Betrachtet man Shanghais Aktionspläne von Version 1.0 bis 8.0, lassen sie sich grob in zwei Phasen einteilen: Die Jahre 2018 bis 2022 bildeten die erste Phase. Die fünf Versionen in dieser Zeit konzentrierten sich auf Benchmark-Reformen, zielten präzise auf die Bewertungskriterien der Weltbank ab, um in Schlüsselbereichen „Verfahren, Zeit und Kosten zu reduzieren“ und in Kernbereichen „die richtigen Antworten“ und „hohe Punktzahlen“ zu erreichen. Die Zeit nach 2023 markiert die zweite Phase, in der sich der Fokus schrittweise von Benchmark-Reformen auf die umfassende Optimierung des gesamten unternehmerischen Lebenszyklus ausweitete. Der Inhalt der Geschäftsumfeld-Reformen wurde weiter bereichert, ihr Umfang erweitert und das System verbessert. Für 2026 orientiert sich Shanghai am Konzept des „Großen Geschäftsumfelds“, um die Optimierung der vier Umfelder zu steuern, und hat einen jährlichen Aktionsplan zur Verbesserung des Geschäftsumfelds formuliert und veröffentlicht. Bei den konkreten Arbeitsarrangements wird Wert auf drei Kombinationen gelegt:
1. Die Kombination von ganzheitlichem Voranschreiten und fokussierten Durchbrüchen. Es wird sowohl auf den „ersten Kilometer“ der strategischen Planung als auch auf den „letzten Kilometer“ der Umsetzung vor Ort Wert gelegt, wobei gleichzeitig die Granularität der Reformmaßnahmen im Fokus steht. Durch die Vertiefung spezieller Initiativen wie „Ein Ding für die Ladeneröffnung“, die Förderung der Finanzierungsdienstleistungsplattform für KMU und die Schaffung von „Erster Halt für Startups“ wird die kontinuierliche Verbesserung des Geschäftsumfelds in relevanten Bereichen vorangetrieben. 2. Die Kombination von kontinuierlichem Fortschritt und jährlichen Schwerpunkten. Verankert am Gesamtziel der „Standardisierung, Erleichterung, Digitalisierung und Weltklasse“ wird die Optimierung des Geschäftsumfelds kontinuierlich vorangetrieben. Für Schlüsselaufgaben werden klare Ziele gesetzt und die phasenspezifischen Maßnahmen weiter verfeinert. Bei Themen wie Marktzugang, fairer Wettbewerb und gleichem Schutz wird auf kontinuierliche Fortschritte hingearbeitet, um innerhalb des Jahres sichtbare Ergebnisse und für die Unternehmen spürbare Verbesserungen zu erzielen. 3. Die Kombination von internationalem Benchmarking und Shanghaier Praxis. Es werden die Bewertungsmethoden der Weltbank studiert und Konzepte wie Fairness, Inklusivität, Transparenz und Digitalisierung in die Arbeitsplanung integriert. Aufbauend auf dem Vergleich mit internationalen Bestpraktiken werden Shanghais Reformpraxis und Erfahrungen vollständig reflektiert, um die Verbesserungsbemühungen in den Bereichen Unternehmensservice, industrielles Ökosystem und kollaborativer Aufbau kontinuierlich zu steigern und neue umfassende Wettbewerbsvorteile im Geschäftsumfeld zu formen.

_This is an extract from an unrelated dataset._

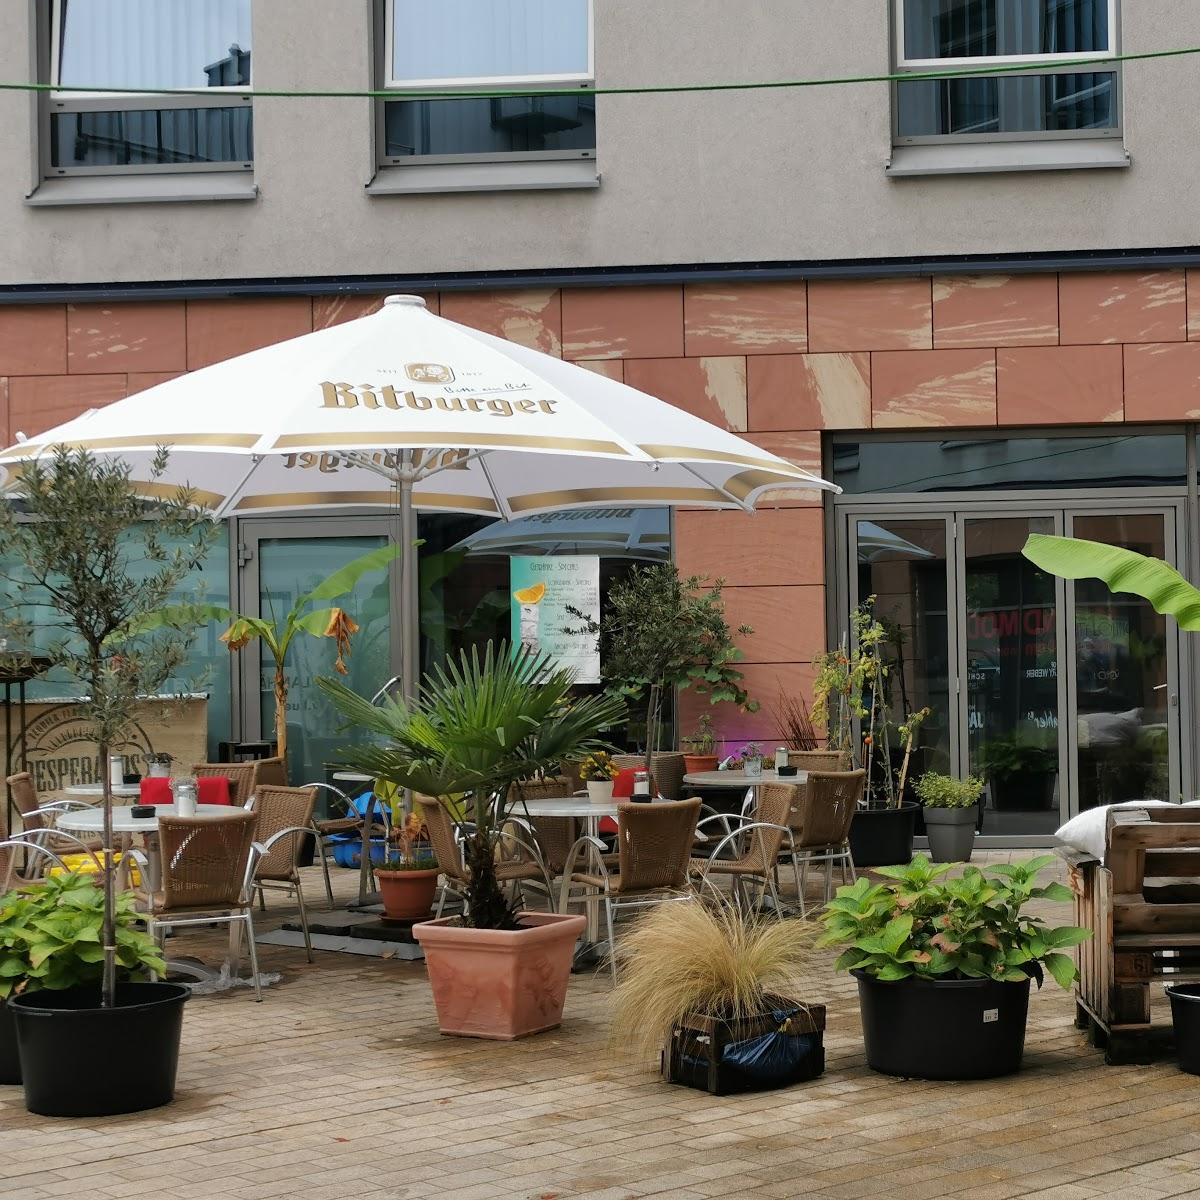 Restaurant "City Lounge" in Neustadt an der Weinstraße
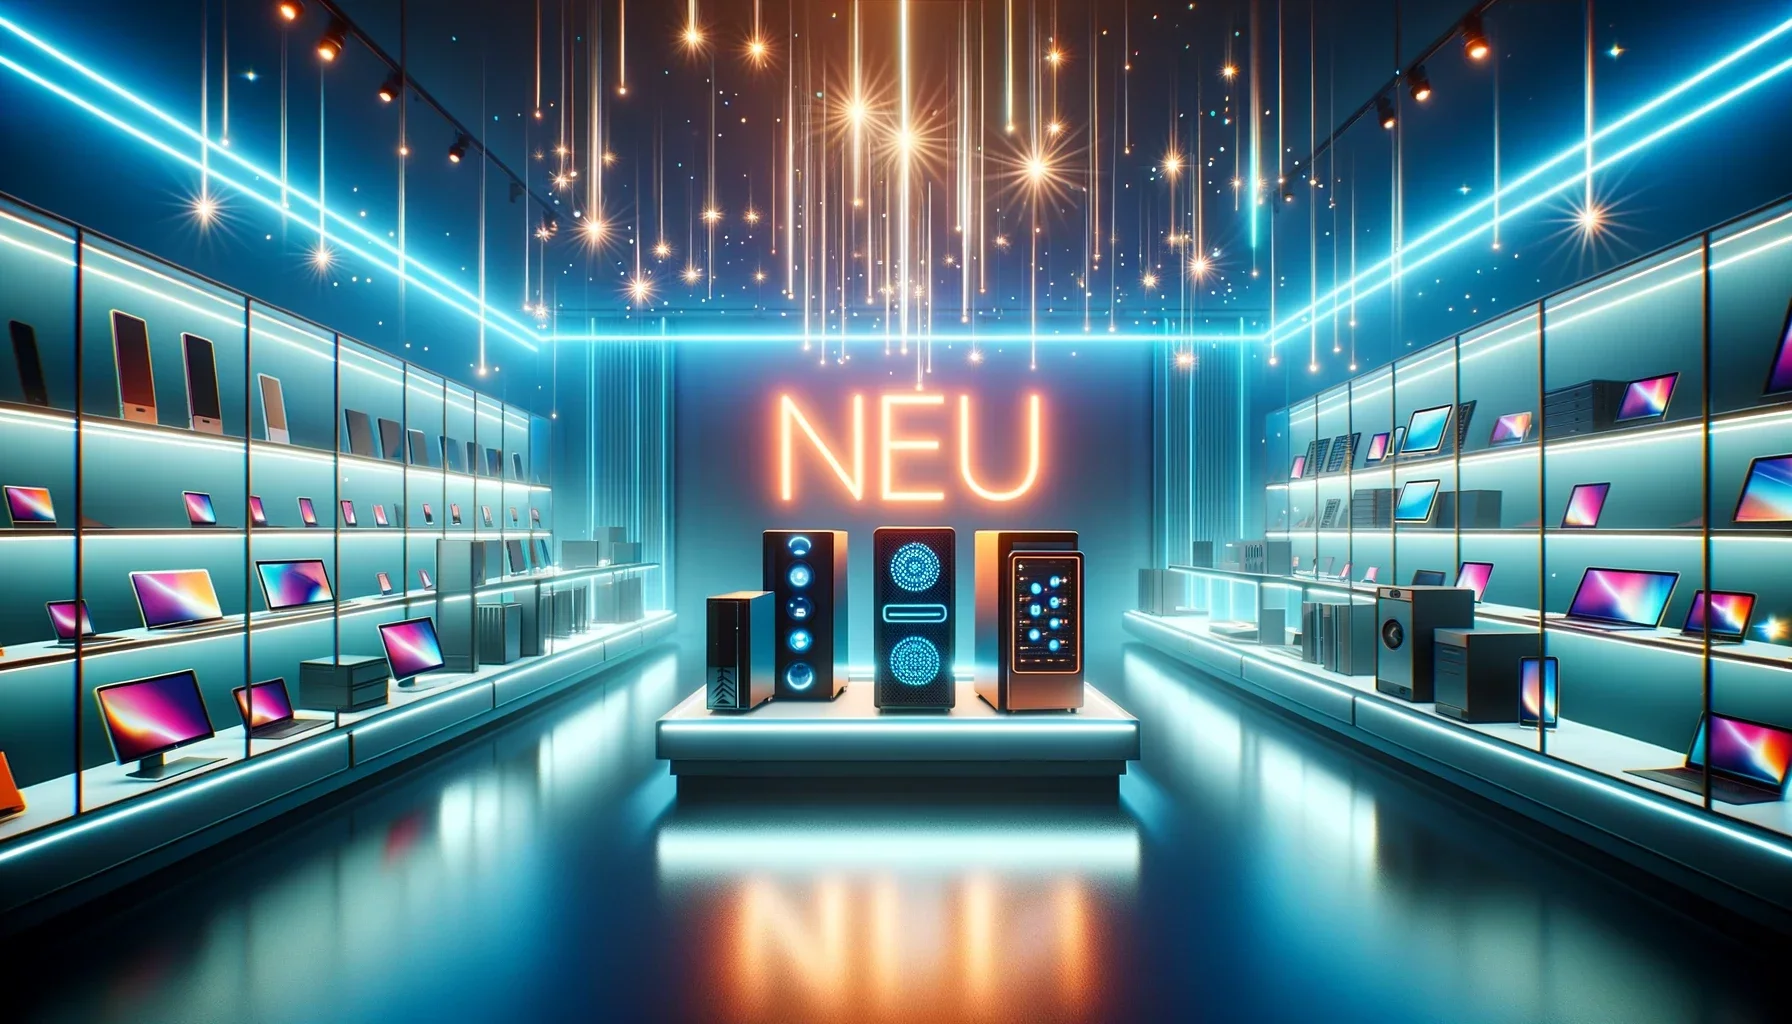 Bild eines Shops mit der Schrift "Neu"

Zweitens: Die neuen Merkmale des Aktionsplans 2026.
Der Aktionsplan 2026 hat einen fokussierteren Inhalt und eine präzisere Formulierung. Im Zentrum der Optimierung der vier Umfelder skizziert er insgesamt 26 Aufgaben und Maßnahmen mit drei Hauptmerkmalen:
1. Reaktion auf neue Anforderungen und Förderung der gesunden Entwicklung neuer Geschäftsmodelle. Shanghai veröffentlicht seit neun Jahren in Folge Aktionspläne zur Optimierung des Geschäftsumfelds, wobei die jährlichen Reformmaßnahmen eng an den phasenspezifischen Bedürfnissen der Unternehmensentwicklung ausgerichtet sind. In den letzten Jahren, mit der raschen Entwicklung neuer Wirtschaftsformen und Geschäftsmodelle, hat Shanghai kontinuierlich die institutionelle Innovation vorangetrieben, um die Entwicklung neuer Produktivkräfte zu unterstützen. Der Aktionsplan 2026 reagiert gezielt auf die Bedürfnisse neuer Geschäftsmodelle und -industrien. Er schlägt vor, die Klassifizierung und Regulierung neuer Geschäftsmodelle zu verbessern, einen inklusiven und审慎 (umsichtig-vorsichtigen) Regulierungsansatz umzusetzen und die Entwicklung von „Internet +“ und datengesteuerten Unternehmen zu fördern. Gleichzeitig wird die Einrichtung von „grünen Kanälen“ für innovative Produkte und Dienstleistungen unterstützt, um die gesunde und geordnete Entwicklung neuer Wirtschaftsformen zu gewährleisten.